The Health Analytics Data-to-Evidence Suite (HADES) is a collection of open source R packages developed by OHDSI and used in pretty much every OHDSI study. Because they are R packages, they are part of the R ecosystem. A new version of R is released roughly every six months, and the CRAN library of R packages is continuously updated to run on the latest version of R. HADES has up to now followed this practice, meaning that HADES would always run on the latest version of R with the latest version of packages in CRAN.

However, this approach has been showing problems; For better reproducibility (and stability), we’ve started requiring specific versions of dependencies, through the renv package. But some of the (slightly) older versions of packages we’re using don’t work on newer versions of R. These packages have since been fixed in CRAN, but not the version we specified in our R lock files. For this reason, it is for example not possible to use any of the study packages generated by ATLAS (or Hydra, which is used by ATLAS) on R 4.3.0.

To provide a more stable execution environment, we’ve therefore selected a specific R version we’ll target for HADES. For the foreseeable future, HADES will run on R 4.2.3. We therefore encourage everyone to start using R 4.2.3.

This does mean we’ll need to rely more and more on renv, since the packages in CRAN will at some point be updated to versions that no longer run on R 4.2.3. We’re looking into alternatives to CRAN where package versions binaries are archived (unlike CRAN), to make it easier to install the packages that still run on R 4.2.3. We’ll also need to update our HADES continuous integration infrastructure to make sure we test our packages on R 4.2.3, instead of the latest version of R.

We’ll revisit the R version to target every six months, to coincide with a new HADES-wide release (April 1st and October 1st). The current release, captured in this renv lock file, works on R 4.2.3.

On this issue, there may be a solution to hosting a CRAN-like repository via Sonatype Nexus (which is the same software we use to host our Java Maven repositories, so this infrastructure may already be here (@lee_evans can confirm). There has been activity in the renv community checking the support for binary + source packages in Nexus repositories, and it seems to work.
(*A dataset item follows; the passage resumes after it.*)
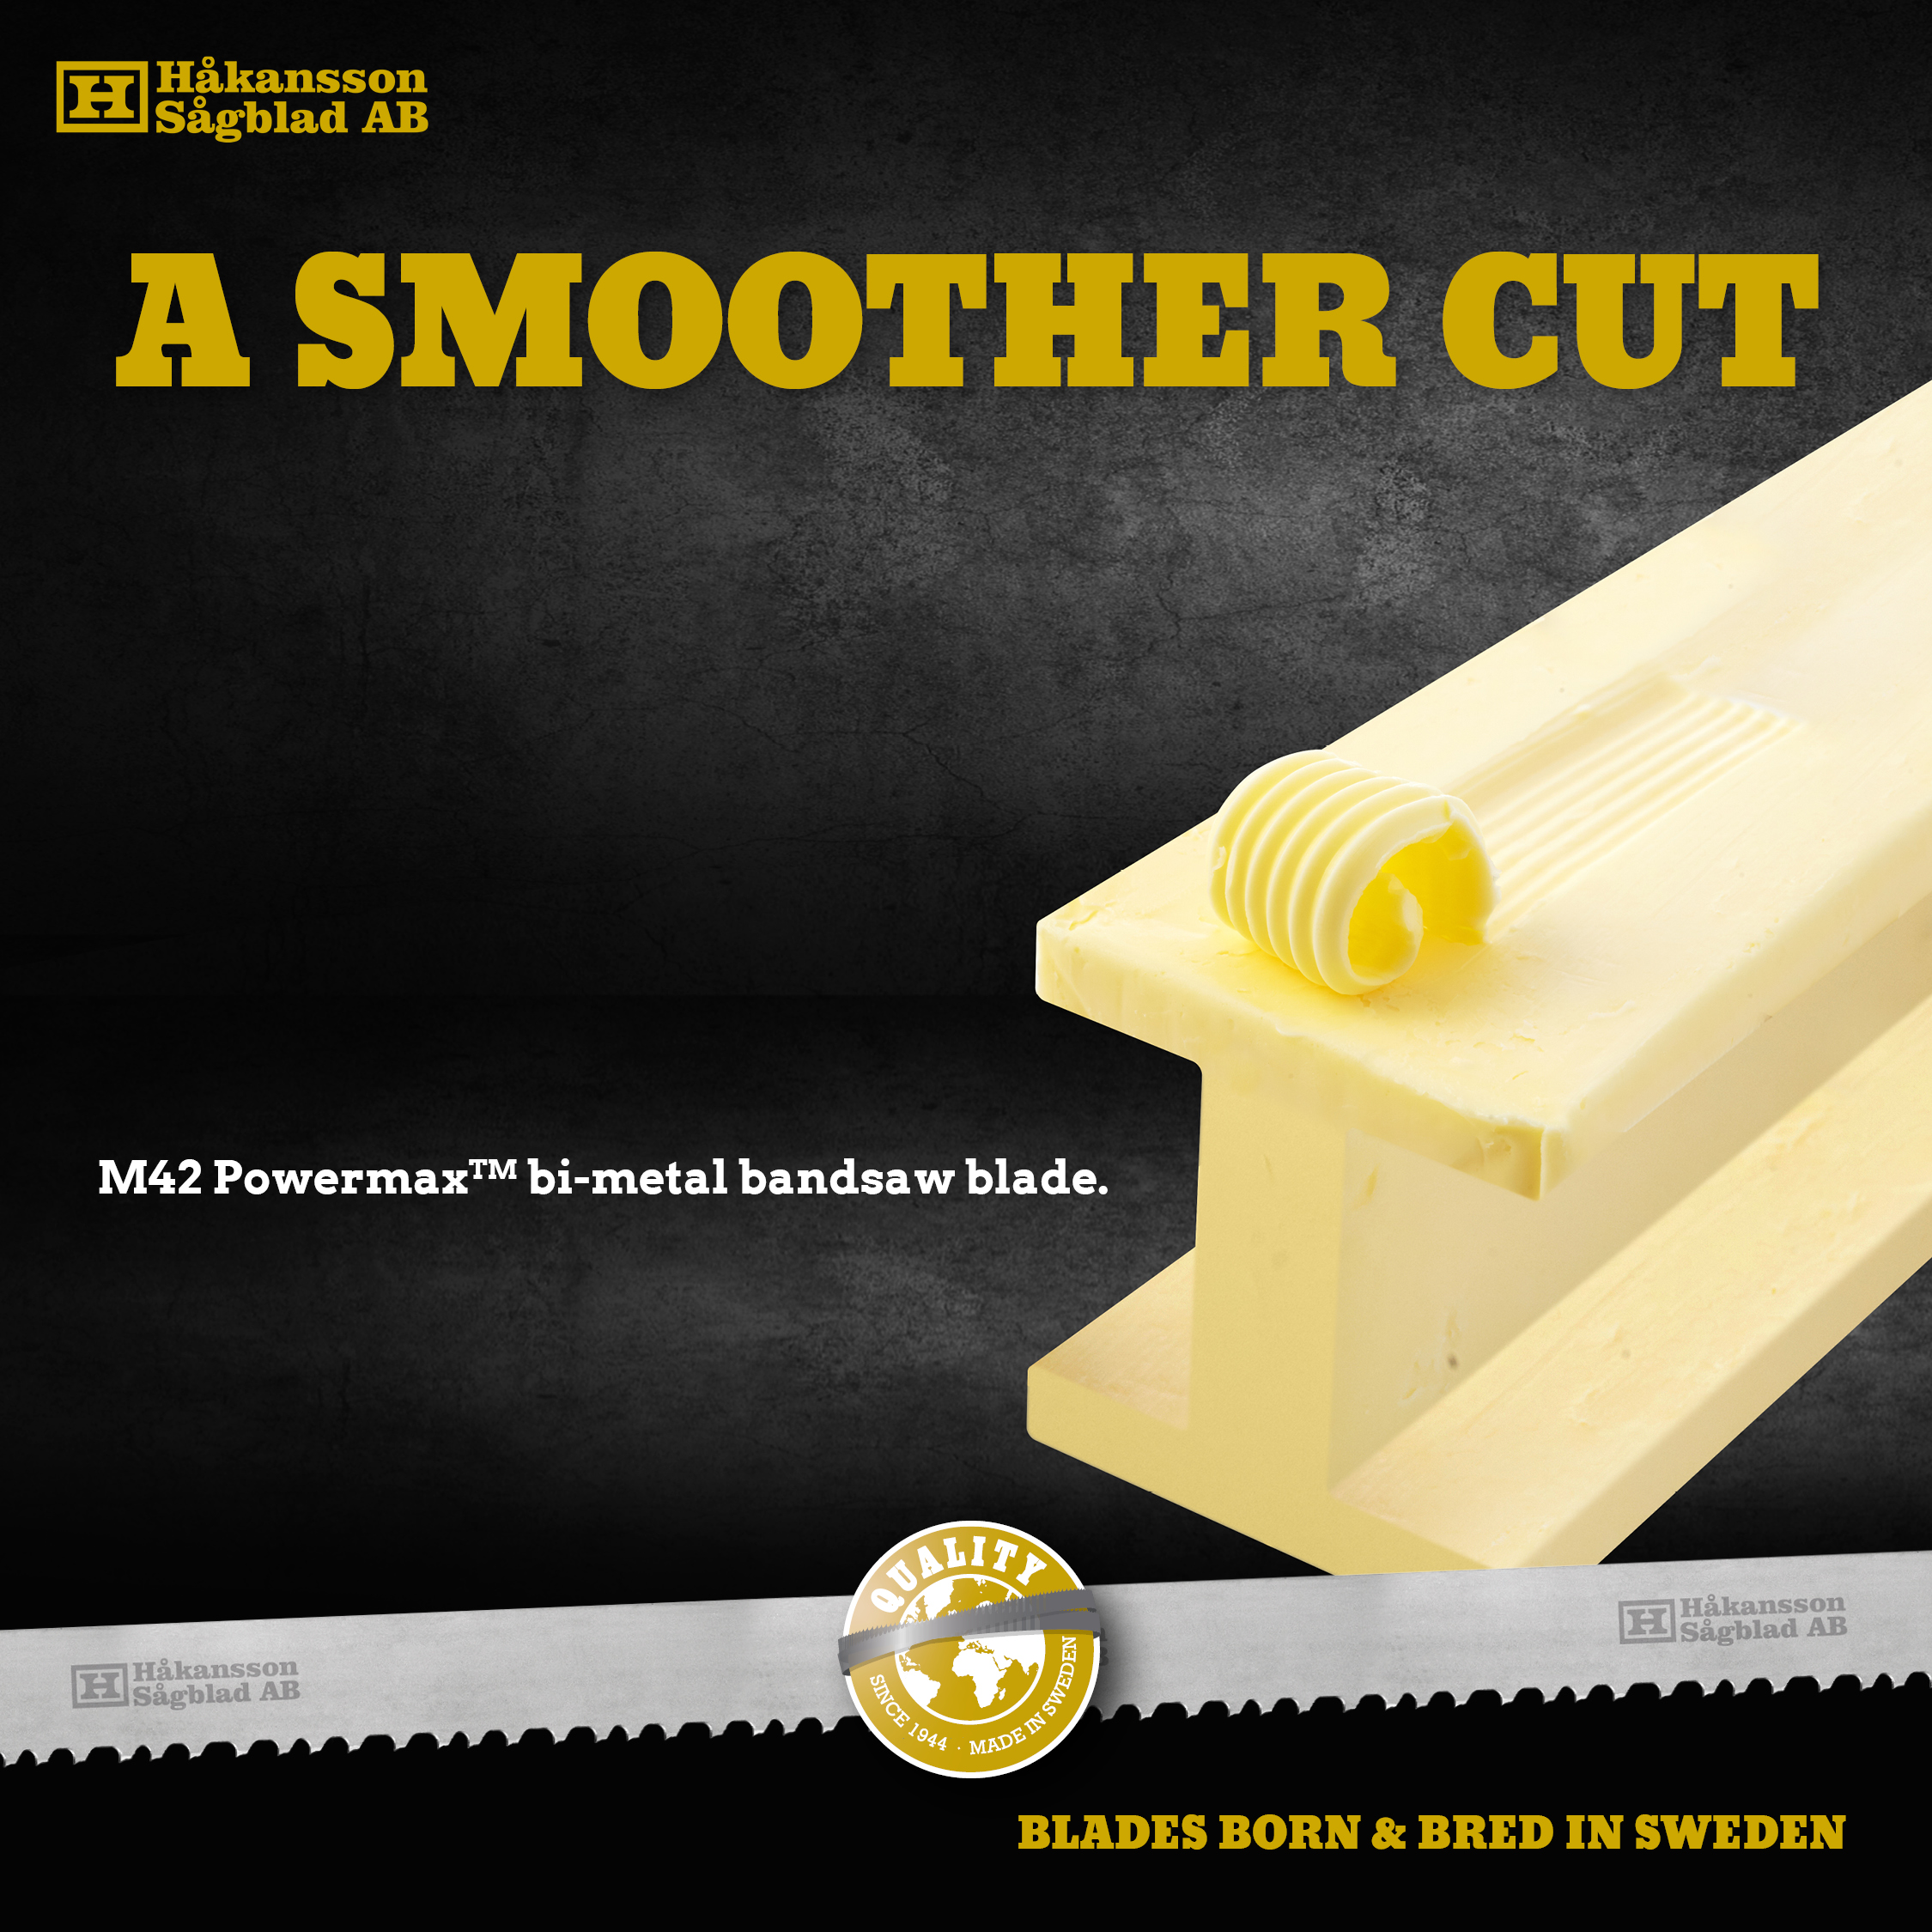 Advert A SMOOTH CUT, sawblade cutting through steel bar made of butter

For Strategus/OHDSI study execution, configuring a Nexus R-Repository and using these options when you invoke renv:

options(renv.nexus.enabled = TRUE)
renv::install(<package>)

Should resolve binary fetching by falling back to a nexus repository, with additional configuration (shown here) to point to a Nexus URL. This Nexus URL can proxy to CRAN so that you can automatically fetch available resources from cran, and it will fall back to the Nexus repo if a prior version is requested.